Perhaps tougher than that is the narrative Facebook has found itself battling: While there may be good people doing good work trying to solve problems, the company, at its core, has lost its way. If all those people are going to realize this vision, this thing that led Mark Zuckerberg to Atman Binstock's demo room all those years ago, they're going to need to do it in a way that makes people trust again. And that's its own brand of work. “There's no magic bullet,” says Bosworth. “Trust is not a thing that you swoop in and solve with a great speech or a great product spec. It's a thing that you solve by setting expectations consistently and meeting and exceeding those expectations consistently over time. There's no shortcut—and I'm not looking for one.”

“People understandably have a lot of concerns on the internet today about how our data is used,” Zuckerberg says. “But at the same time, Facebook has probably built some of the most advanced privacy tools and controls for people and infrastructure of any company that's out there. We're going to take this extremely seriously as we're in the foundational stages of building up these next platforms. But I'm pretty confident, given the experiences that we've had, that if we do this in an open way and show our work along the way, that the solutions will create a lot of value for people.”

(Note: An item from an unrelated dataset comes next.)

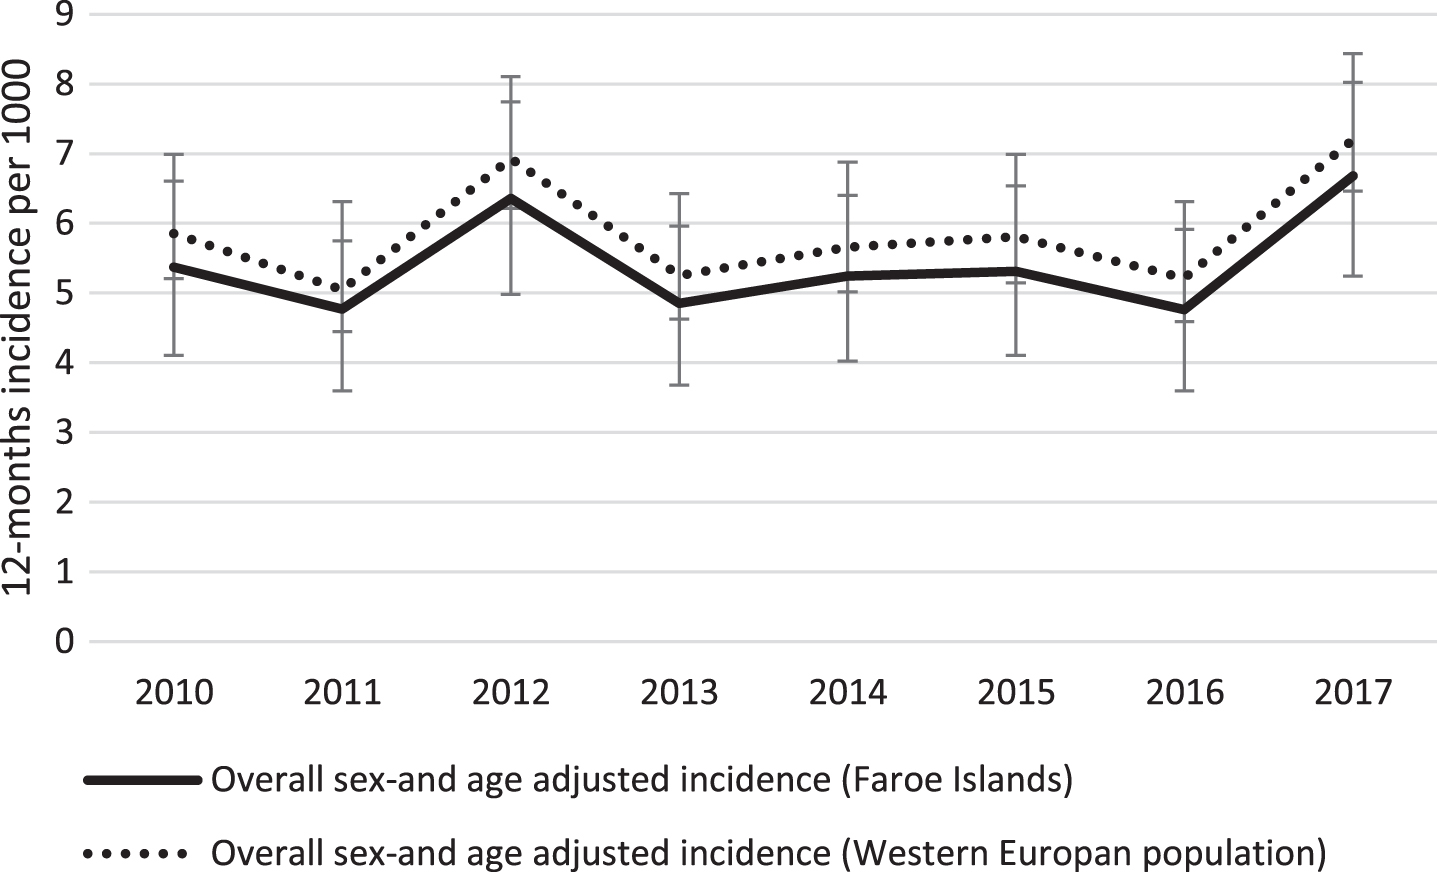 Time trend in age-and sex standardized incidence of dementia in the Faroe Islands from 2010 to 2017. The Faroese estimates are standardized to the 2010 Faroese and Western European populations, respectively. Error bars represent 95% confidence intervals.

Granted, we've heard this before. And when the Portal first came out in 2018, you'd have been hard pressed to find a reviewer who felt good about recommending it without qualification. But fast-forward to now, and the refrain goes something more like this: "I will happily throw all my principles out the window if Facebook will alleviate the torture of long-distance grandparent hell." Proof of experience is one thing, but quality of experience—when coupled with a good-faith effort to rehabilitate trust, that is—can go a long way. Even if the distance is just between two avatars.